FDA WARNING_LETTER - Neuro Kinetics, Inc. - October 10, 2007

The FDA issued a Warning Letter to Neuro Kinetics, Inc. following inspections on August 15, 16, 21, 2007, and October 10, 2007, and a telephone conversation on August 21, 2008. The firm is marketing Neuro-Otological Test Center products, including the Rotary/Barany Chair Assembly, I-Portal Video Nystagmograph, Opto-Kinetic Projection System, Pursuit Tracker Laser Diode Stimulus, and VEST 6.0 Operating Software, without marketing clearance or approval.

These products are classified as devices under section 201(h) of the Federal Food, Drug, and Cosmetic Act (the Act).
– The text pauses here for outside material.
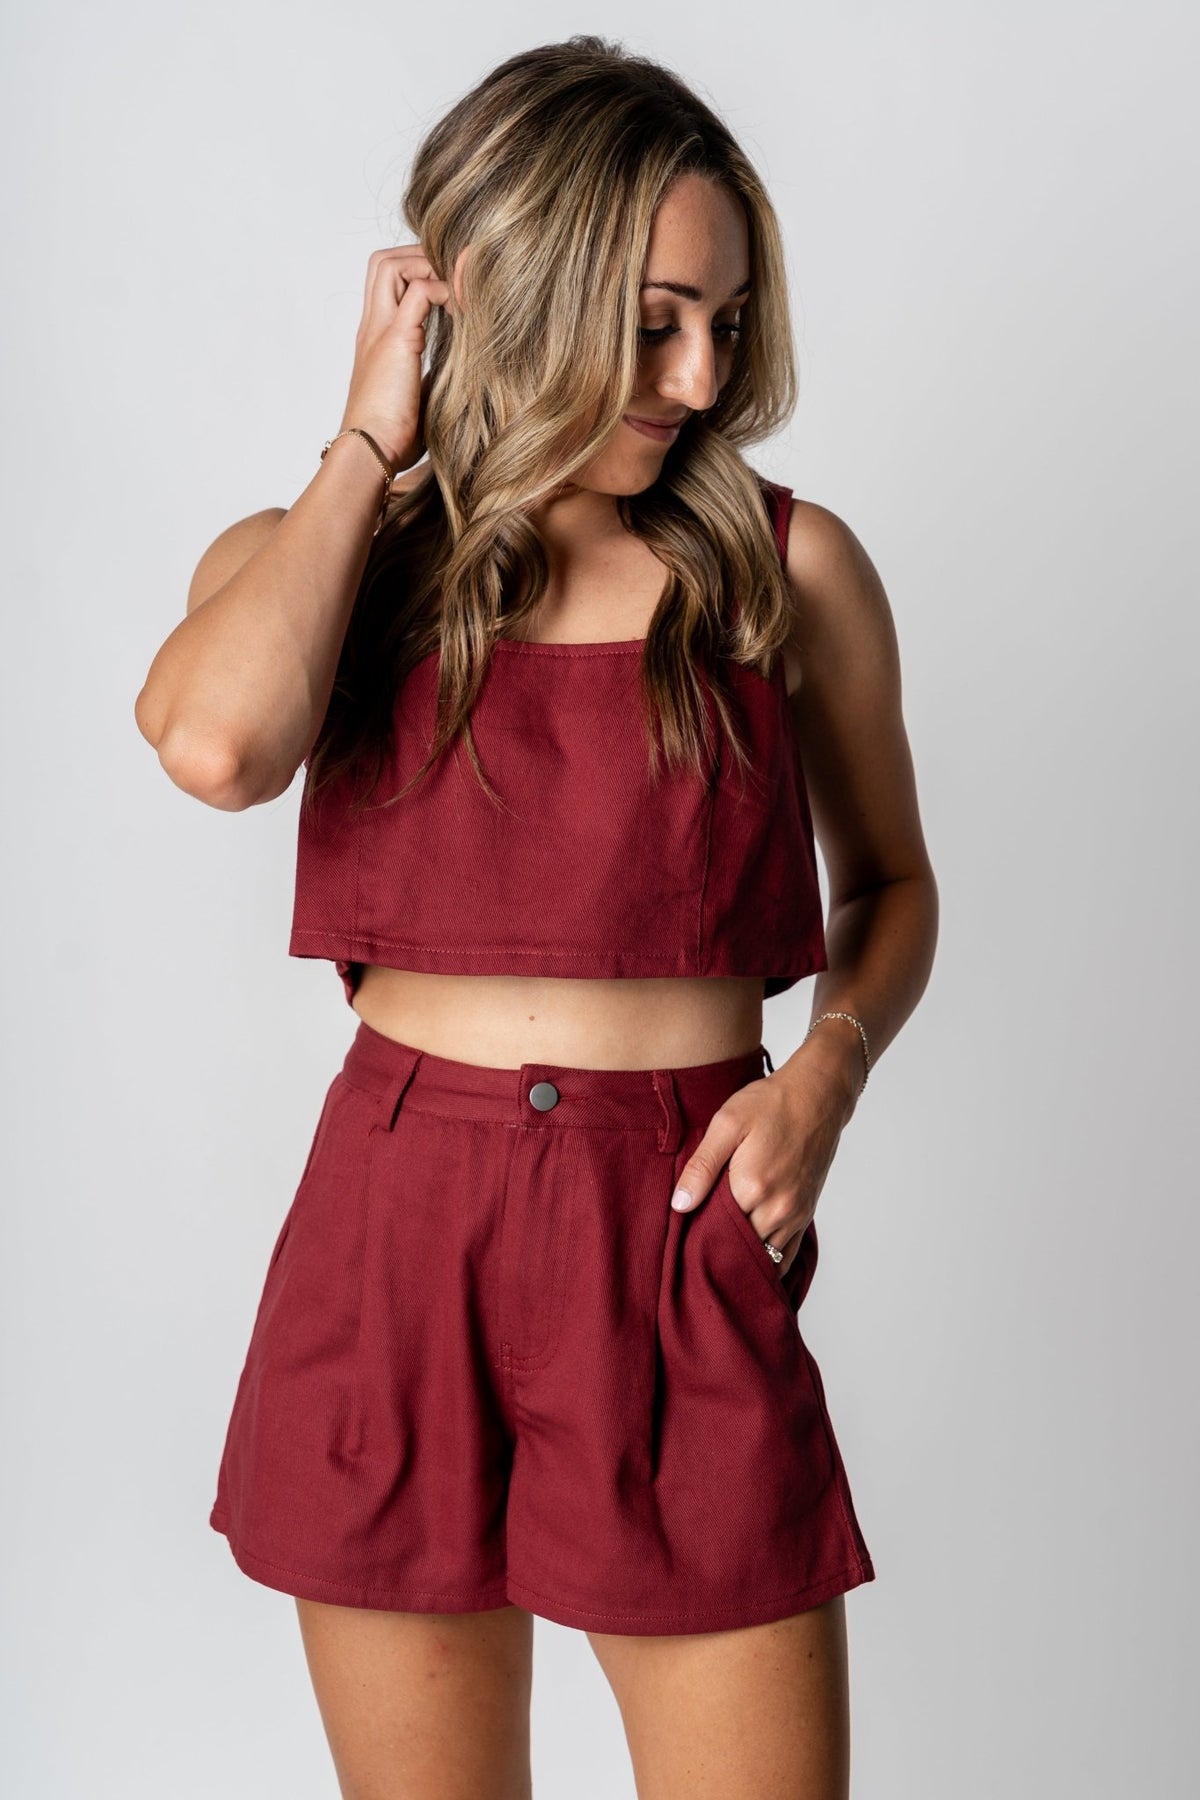 Tie back crop tank top burgundy - Cute crop top - Trendy Tank Tops at Lush Fashion Lounge Boutique in Oklahoma City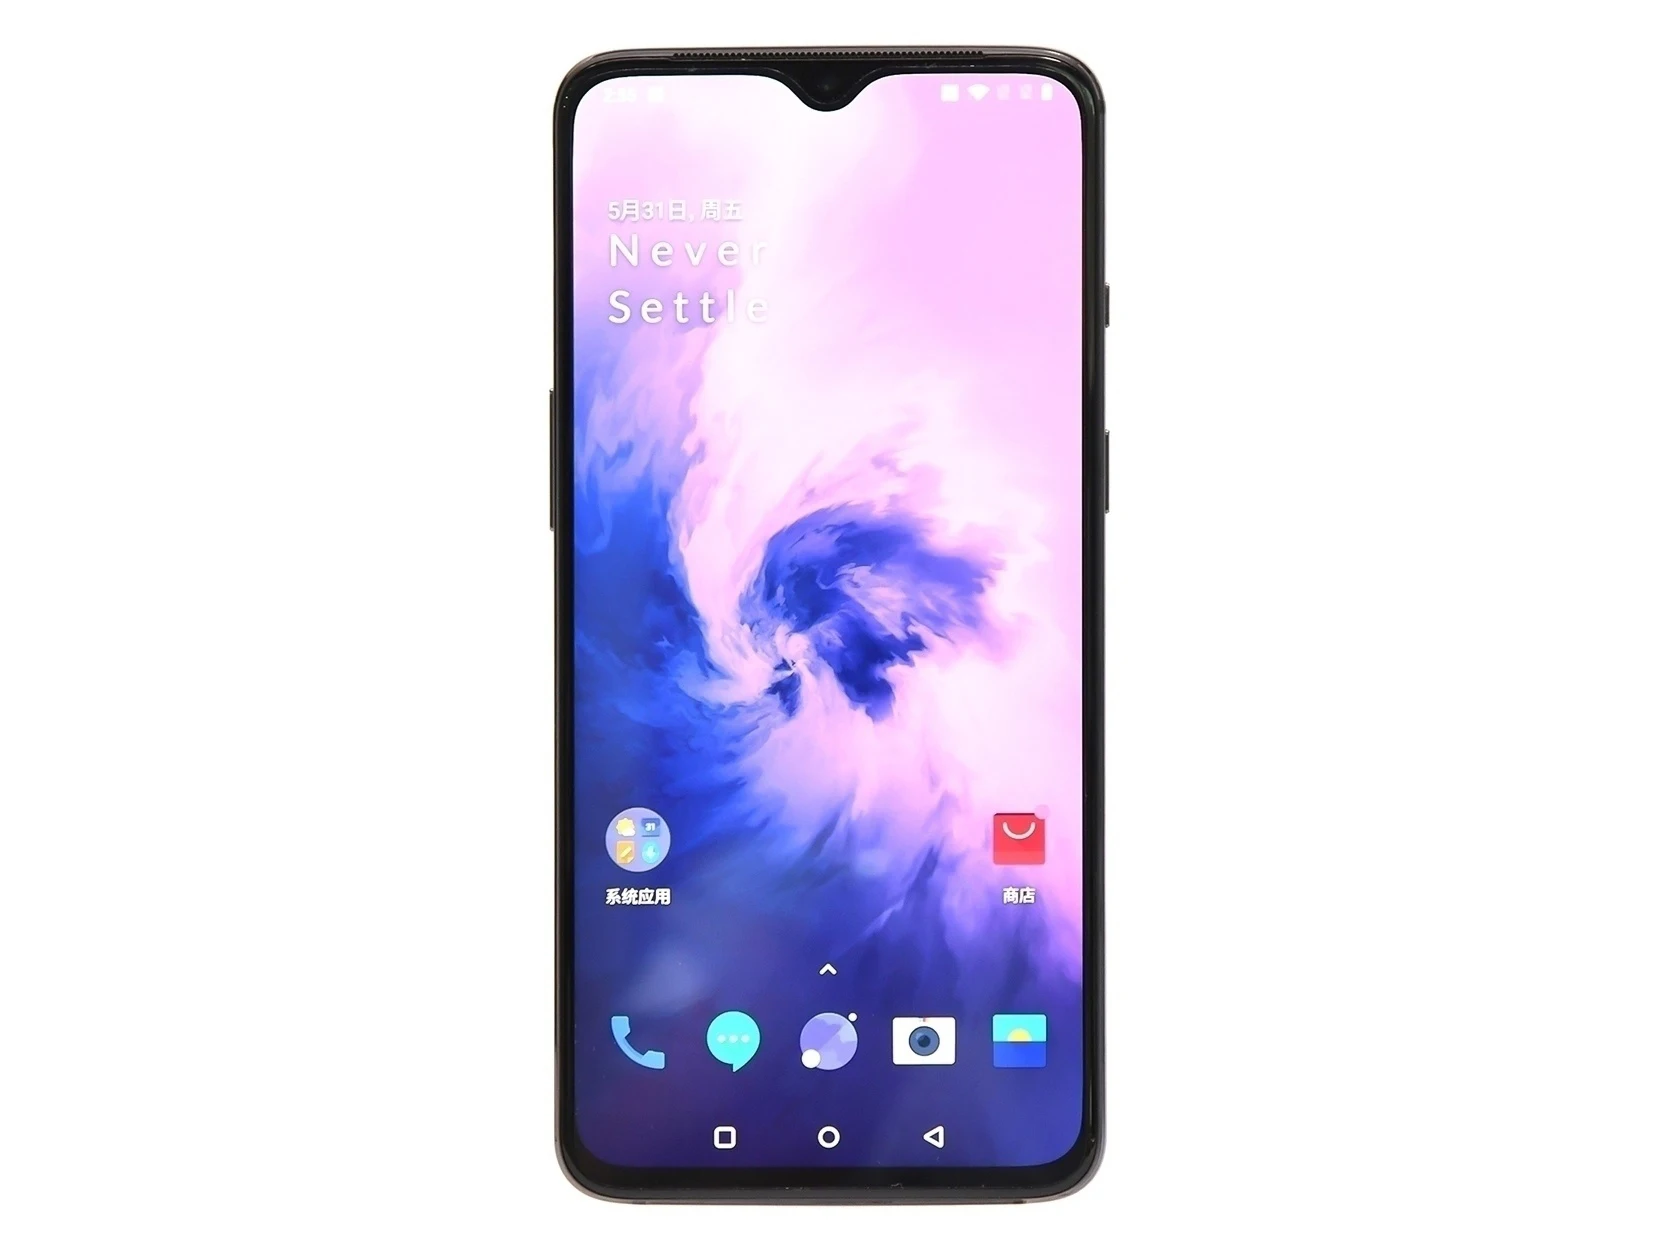 New Original Oneplus 7 Mobile Phone Global Rom 6.41" AMOLED Display Octa Core Snapdragon 855 NFC 1080x2340 pixels Telephone best oneplus nord

A significant change was made to the Rotary/Barany Chair Assembly (cleared under K781268), specifically, the control mechanism shifted from minimal to extensive software control, constituting a major redesign requiring a new 510(k) submission due to new safety and effectiveness questions.

The devices are adulterated under section 501(f)(1)(B) of the Act because there is no approved premarket approval (PMA) or investigational device exemption (IDE). They are also misbranded under section 502(o) of the Act for failure to notify the FDA of intent to introduce the devices into commercial distribution as required by section 510(k).